### Exercise objective:
Your response should consist of the entire listing, transcribed exactly, with every image left out.

### Recorded data:
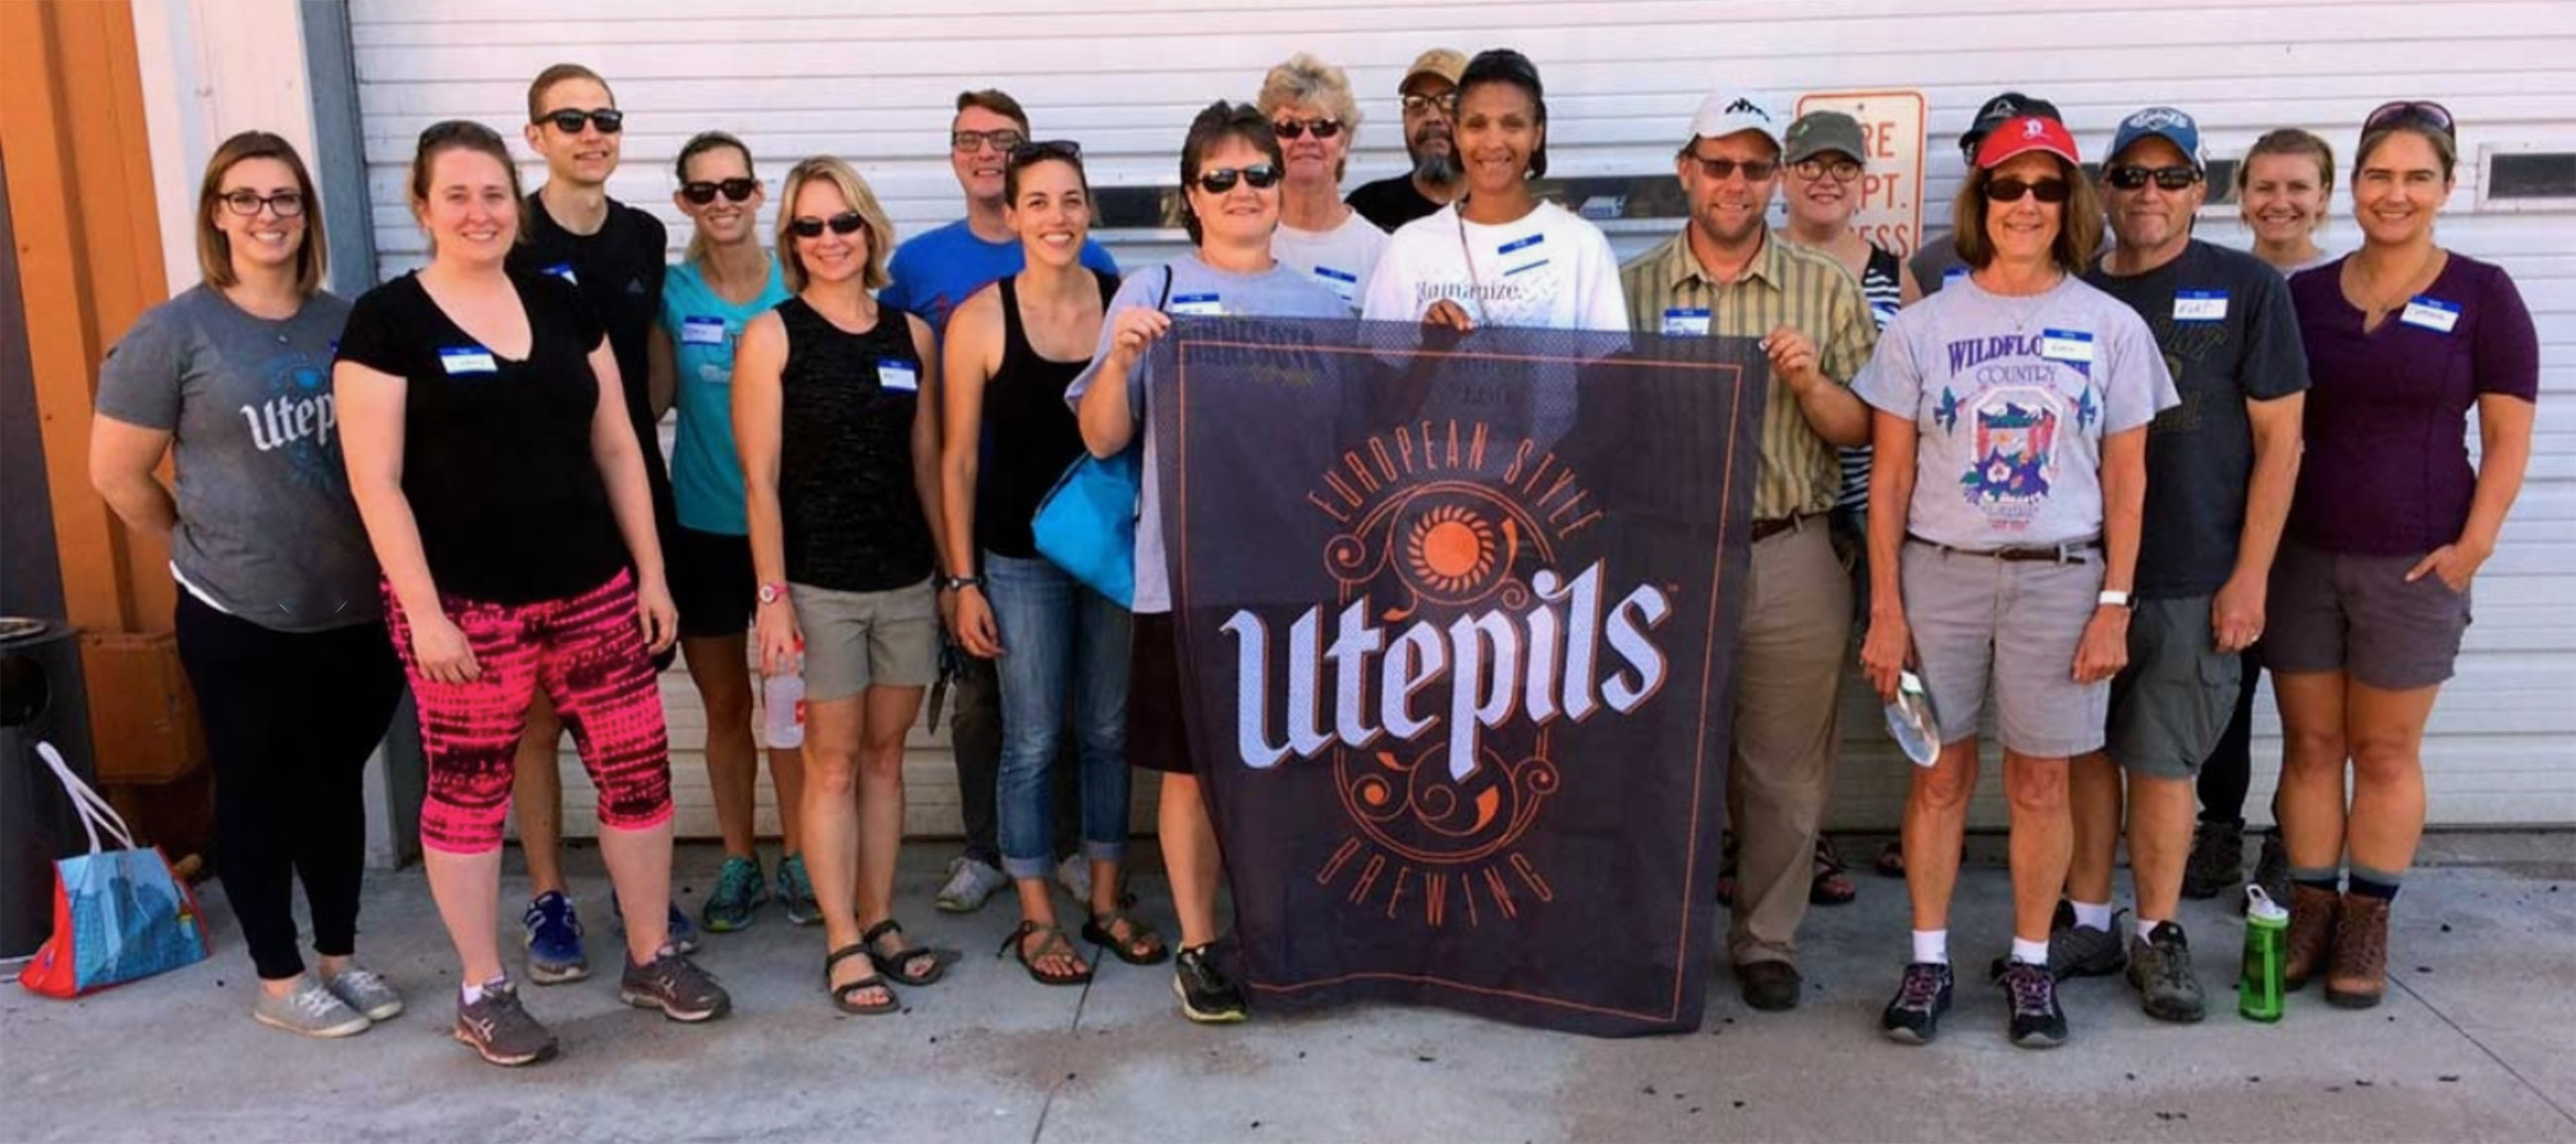 The DuGood Team picture behind a Utepils banner
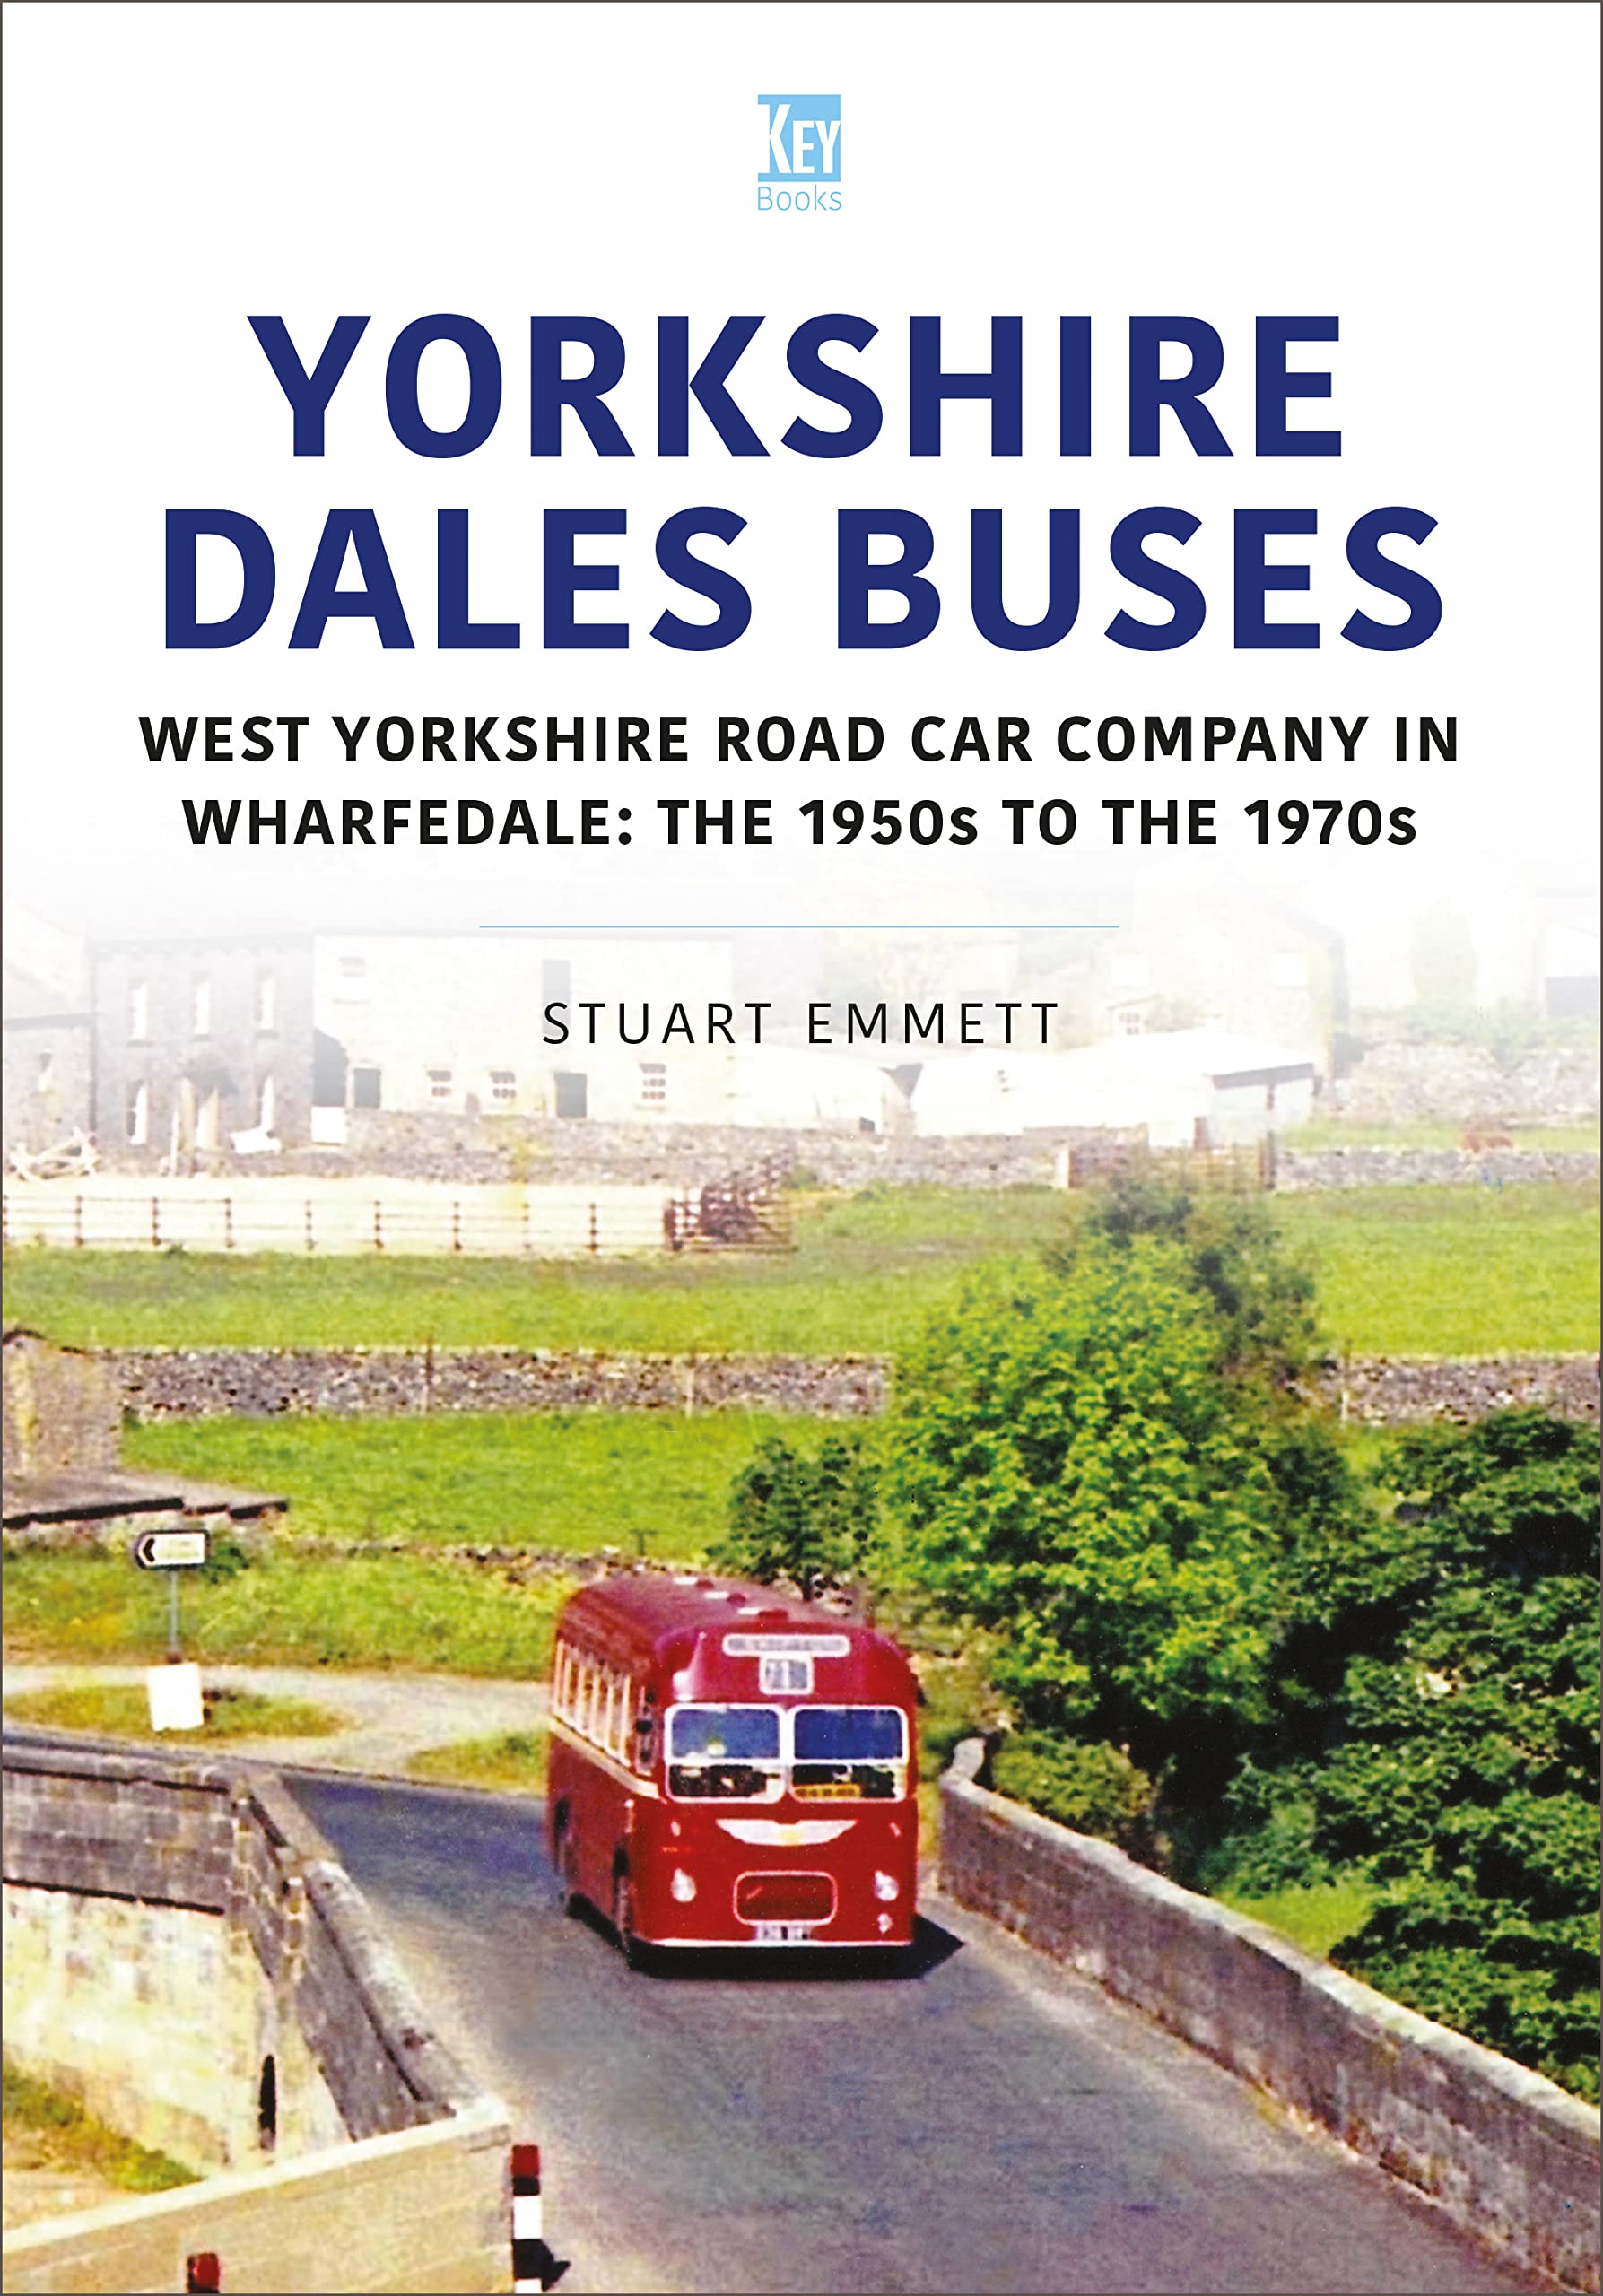 Yorkshire Dales Buses: West Yorkshire Road Car Company in Wharfedale  LAST FEW COPIES
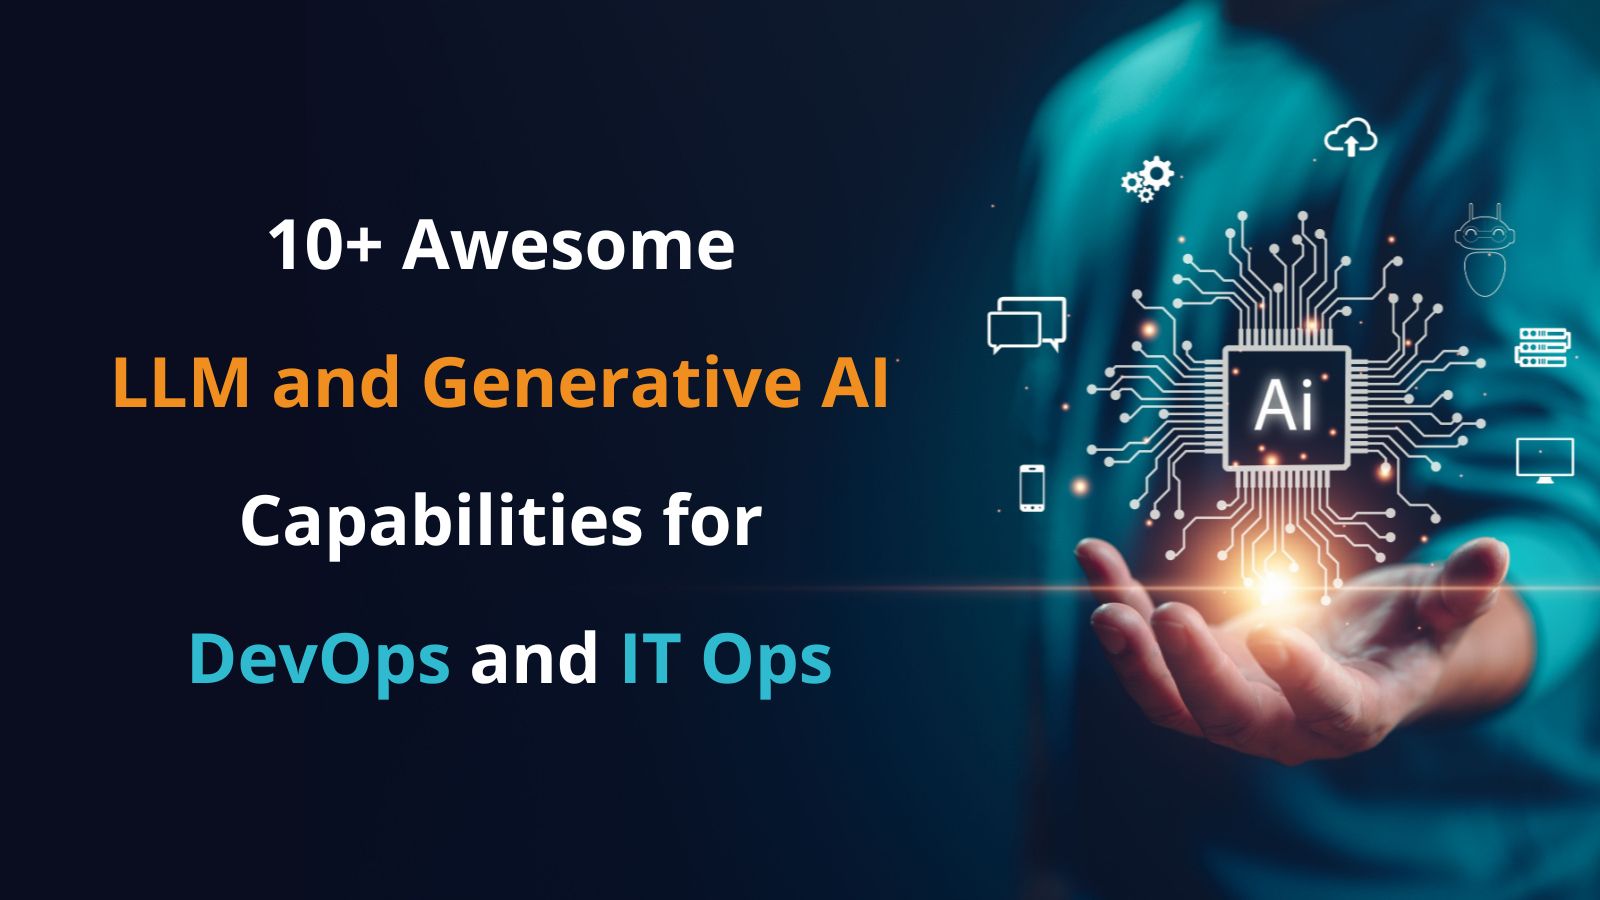 10+ Awesome LLM and Generative AI Capabilities for DevOps and IT Ops

### Response area:
 The DuGood Team picture behind a Utepils banner
 Yorkshire Dales Buses: West Yorkshire Road Car Company in Wharfedale  LAST FEW COPIES
 10+ Awesome LLM and Generative AI Capabilities for DevOps and IT Ops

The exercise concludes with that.